Obama’s 2012 campaign gained attention for being dominated by white staffers.

Adam noted that Al Sharpton and other activists have launched similar tactics to demand the Senate confirm Loretta Lynch as attorney general. She said that unlike Sharpton's cycled fast with other activists, she is going on a full-fledged hunger strike.

“It’s ironic their hunger is over perceived discrimination and mine is too,” she said. “I would hope even though I’m trying to hold a black president accountable and they are trying to hold white senators, Mitch McConnell, accountable, both should be viewed as the same struggle. It doesn’t matter what color the individual is on the other side.”

Though she filed a racial and gender discrimination complaint with the Equal Employment Opportunity Commission in August 2012, she said she felt conflicted about trying to publicize the matter. The EEOC issued a “notice of right to sue,” but she didn’t want to push it that far at the time.

“People don’t really know how much I loved our president,” Adam reiterated. “That takes time to understand when you feel conflicted, essentially, to realize what you need to do. I didn’t want to be blamed for any election interference.”

But she also says she didn’t feel in the right emotional state to push the matter, having gone through depression and anxiety and attending therapy. She said she began to gain confidence again after working in China teaching English to government employees there.

After getting no response to letters she sent to the White House in October 2014 and February 2015, and saying she can’t afford to file a lawsuit, she decided to go on the hunger strike, which she warned she would do in the February letter.

Adam said she interned at Obama’s Senate office and volunteered for his first campaign while attending the University of Chicago, describing the 2008 experience as “lovely.”

That changed in the next election cycle.

She said she began working as an unpaid intern for Obama's re-election in the political department in September 2011, which had the potential to lead to a paid job, according to the EEOC complaint filed Aug. 30, 2012. The complaint was received on Sept. 4, 2012.

“People pulled my hair and told me what to do with it,” Adam told TheBlaze. “People touched my skin and said 'ooh.'" She shook her head. "I wish I was making this up.”

When she first reported what was going on, she said a human resources staffer told her, “The president would not be happy this was going on.”

But that attitude from the campaign apparently changed: In her complaint, she said she applied for several paid positions that she did not get.
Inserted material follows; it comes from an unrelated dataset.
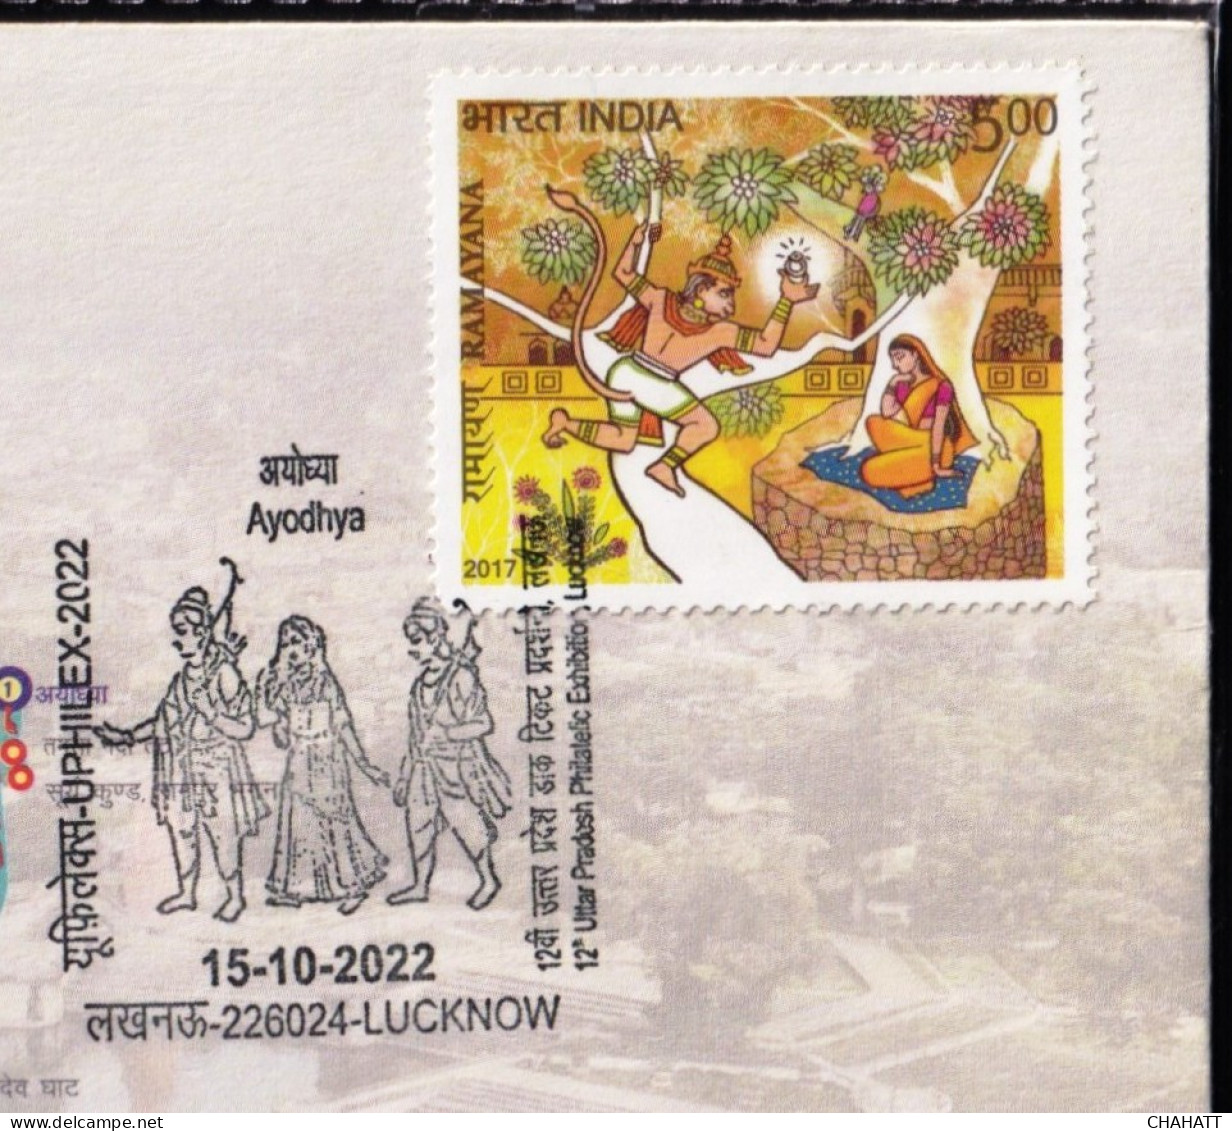 HINDUISM - RAMAYAN-  ARCHERY, AYODHYA - PICTORIAL CANCELLATION - SPECIAL COVER - INDIA -2022- BX4-23 - Hinduismo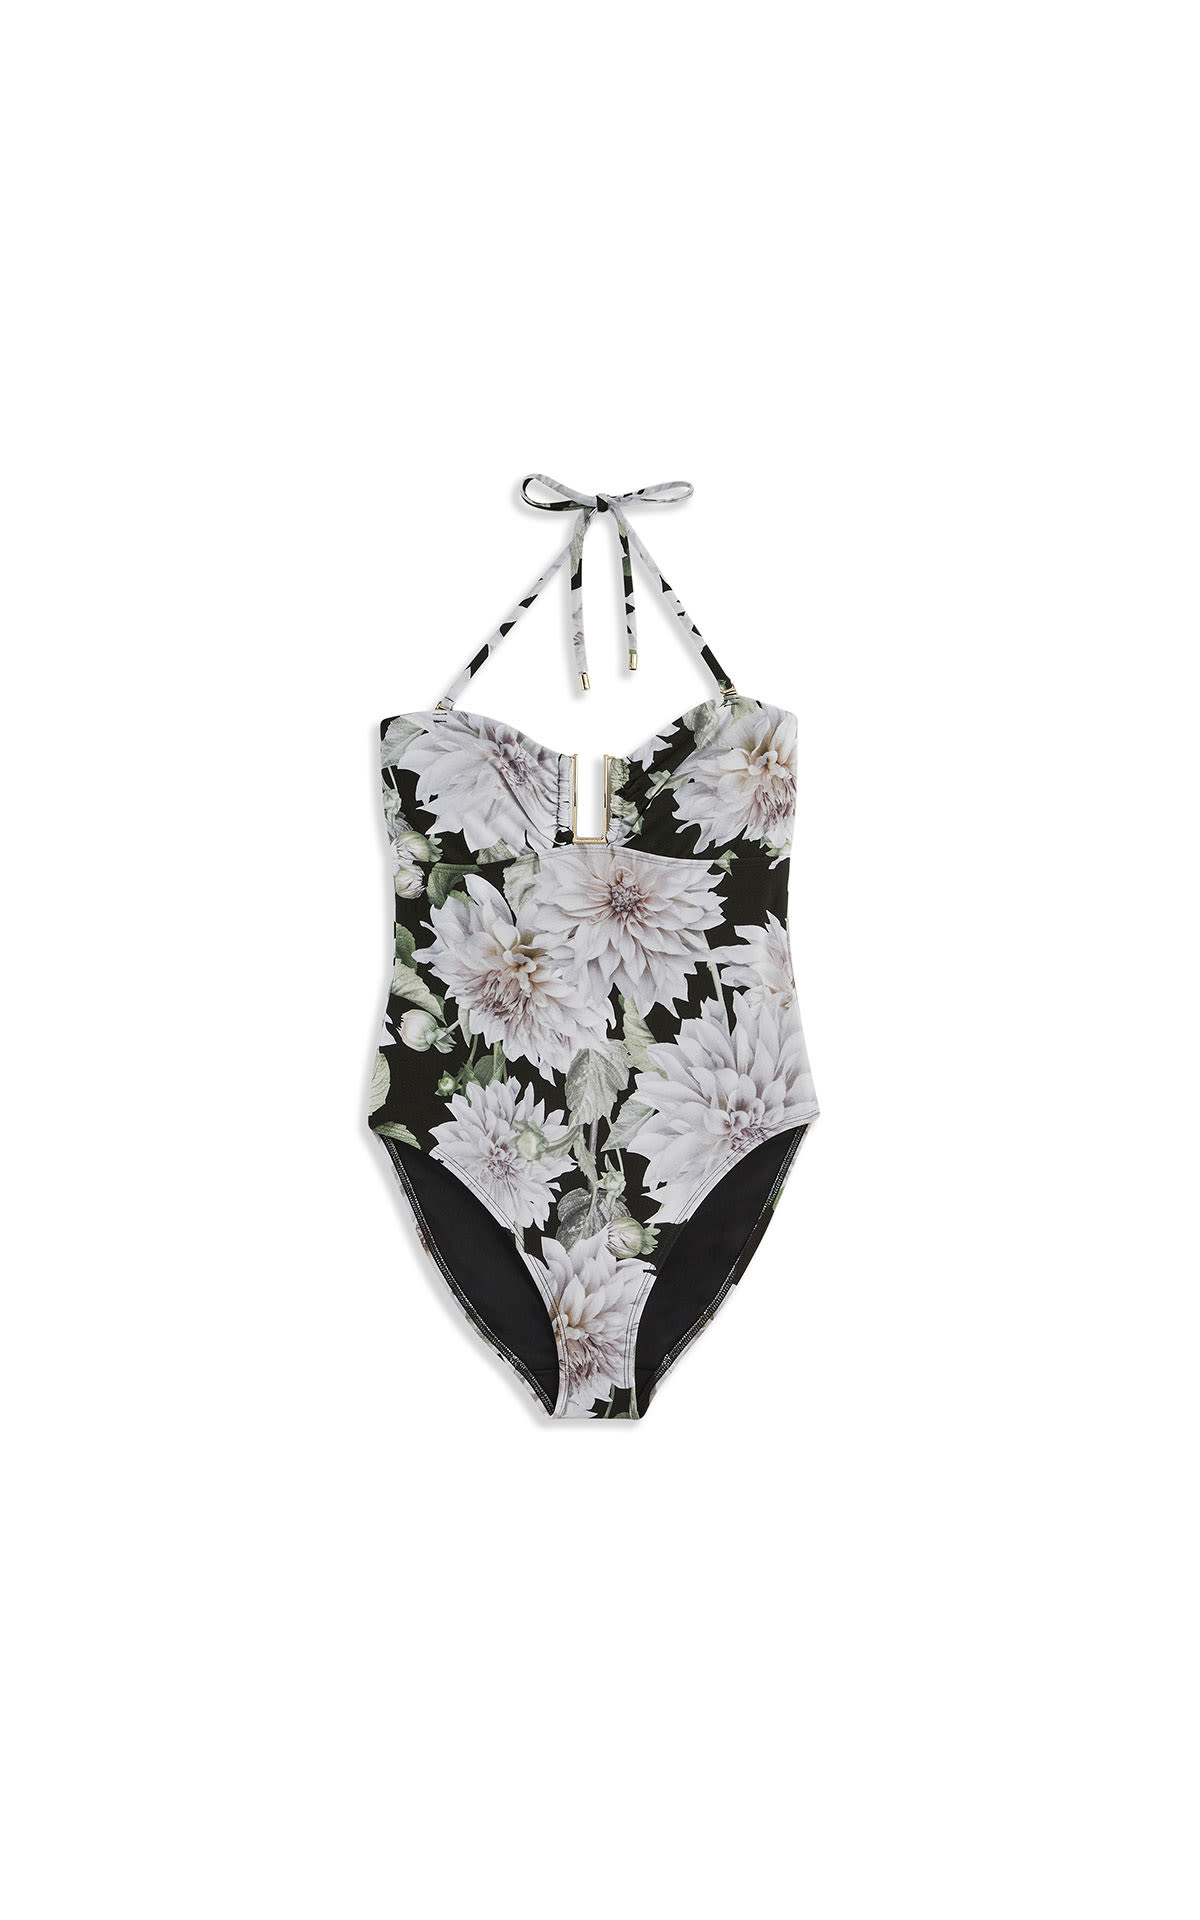 Ted Baker U bra detail swimsuit from Bicester Village

She said supervisors noted the lack of diversity in the white and male-dominated campaign staff.

“I complained about discrimination and harassment that I experienced,” she wrote in the EEOC complaint. “As a result of my complaint, I was told to leave the campaign and that I could not work in a paid positions for respondent. I was then demoted to volunteer. All of the white males who worked with me in the political department who applied for paid positions were offered and/or hired for those positions.”

An EEOC spokesman told TheBlaze the agency can't comment on complaints it receives.

The White House did not respond to several inquiries requesting comment.

Organizing for Action is the outgrowth of Obama’s presidential campaigns and advocates for the president’s agenda. It is still based in Chicago with some of the same staff. Abigail Witt, managing director of Organizing for Action, did not return phone call requests for comment from TheBlaze. A phone call and email to a press inquiry line also went unanswered. However, an OFA staffer who was not a spokesperson told TheBlaze that an employee for Obama for America 2012 is not considered a former employee of Organizing for Action, because the two are separate entities.

TheBlaze also received no response from Barisa Meckler, the human resources coordinator for Obama for America whom Adam said she complained to. Meckler, now an employee for the General Services Administration’s Chicago office, did not return phone calls and emails.

In a Dec. 21, 2011 email Adam provided to TheBlaze, a supervisor at Obama for America wrote, “If it were me, I would probably just move forward at this point and don’t look back. Just capitalize on the volunteer opportunity you have starting next month … Happy holidays, please enjoy them and don’t worry about OLD drama!!”